==== INPUT DATA

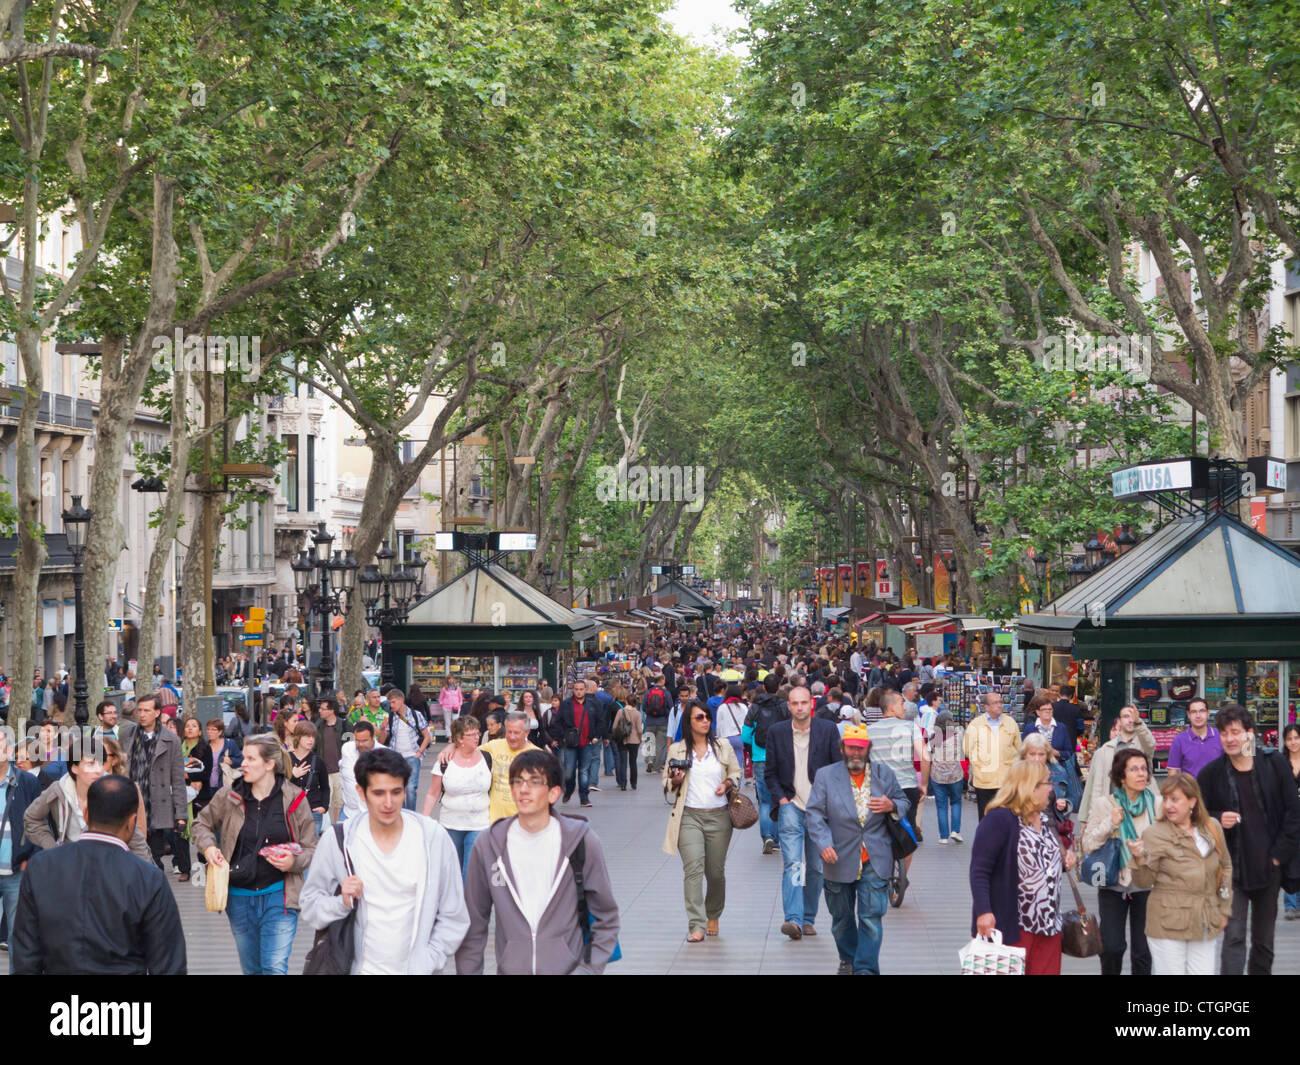 Barcelona, Spain. Crowds strolling in La Rambla late afternoon. - Stock Image
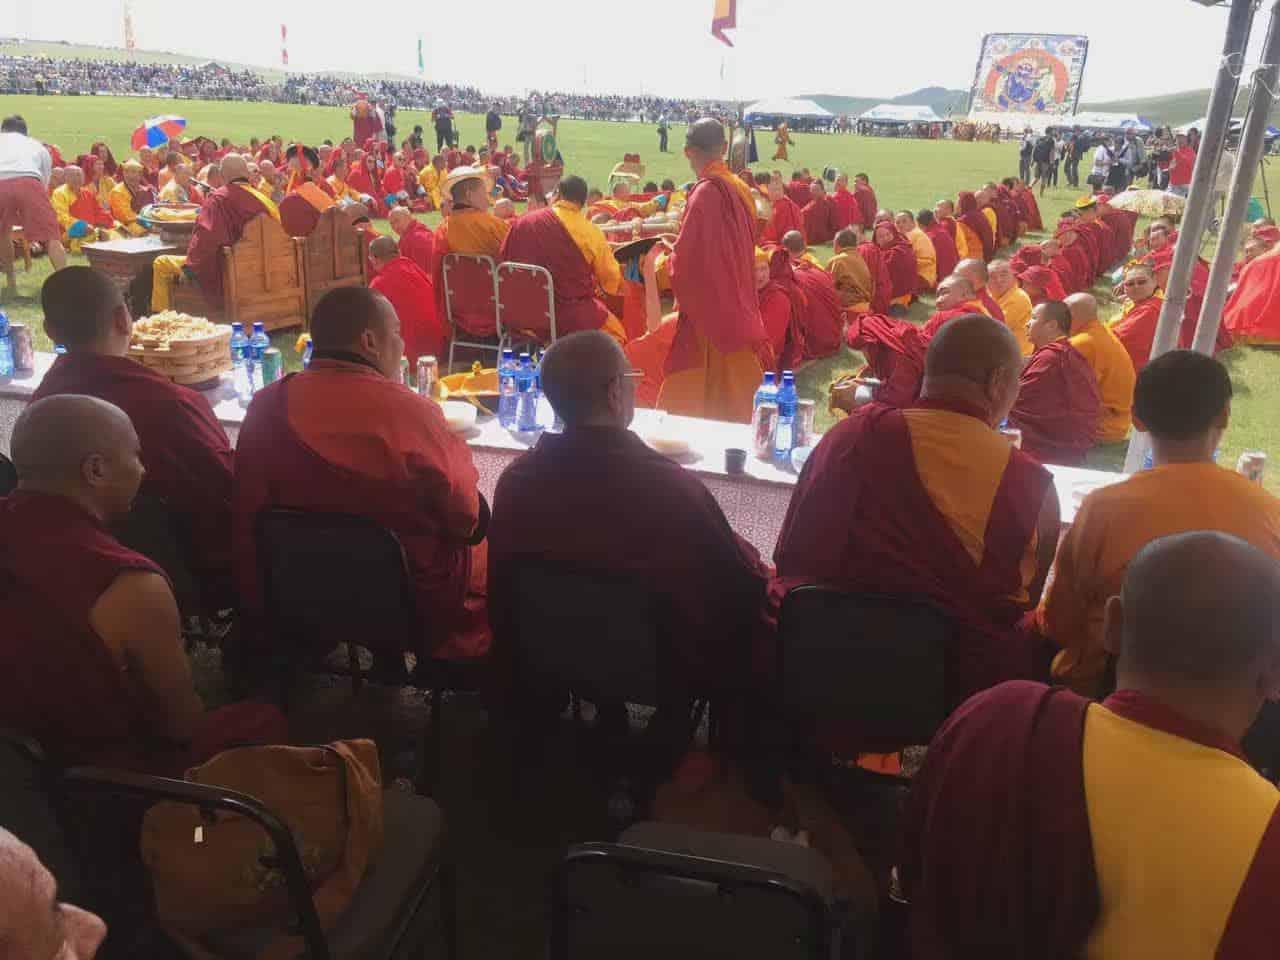 gosok-rinpoche-mongolia-2016-beb551ed95bd430225f69dd31be0955
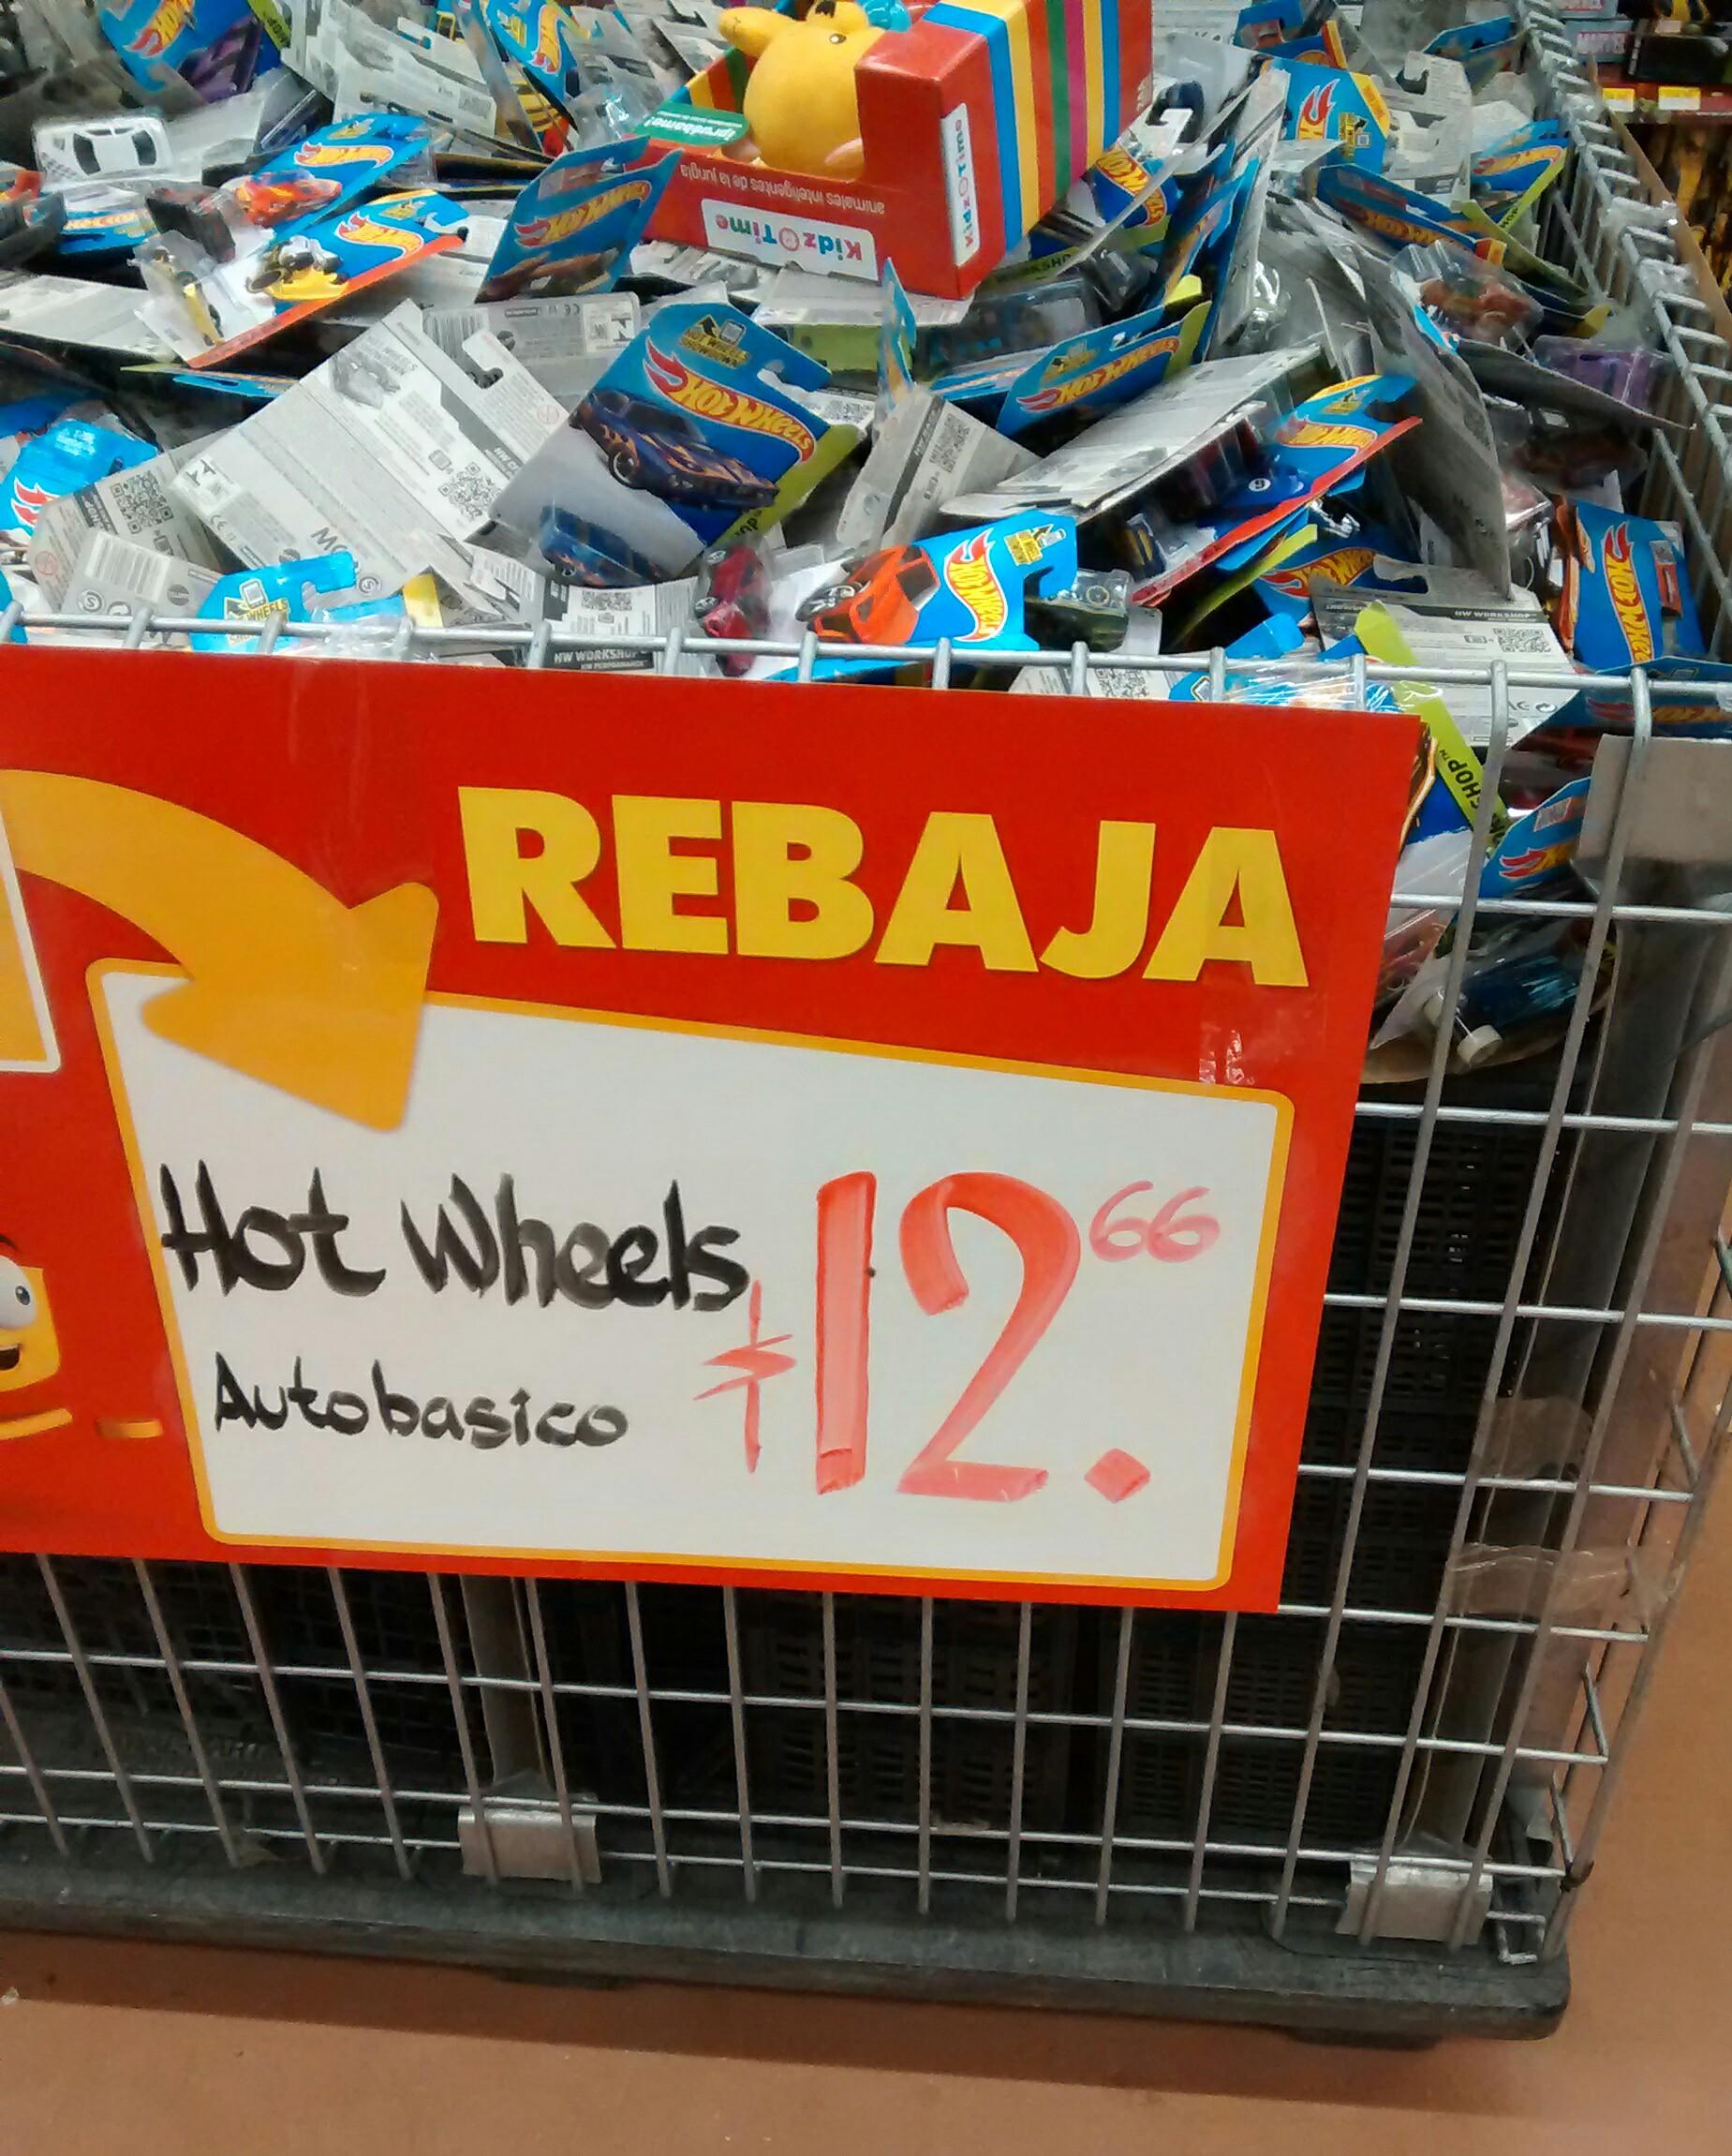 Walmart: Hot Wheels auto basico a $12.66

========

**WORK TO COMPLETE**
Would you provide an exact, picture-free copy of the data above?

**SOLUTION FOR THIS TASK**
 Barcelona, Spain. Crowds strolling in La Rambla late afternoon. - Stock Image
 gosok-rinpoche-mongolia-2016-beb551ed95bd430225f69dd31be0955
 Walmart: Hot Wheels auto basico a $12.66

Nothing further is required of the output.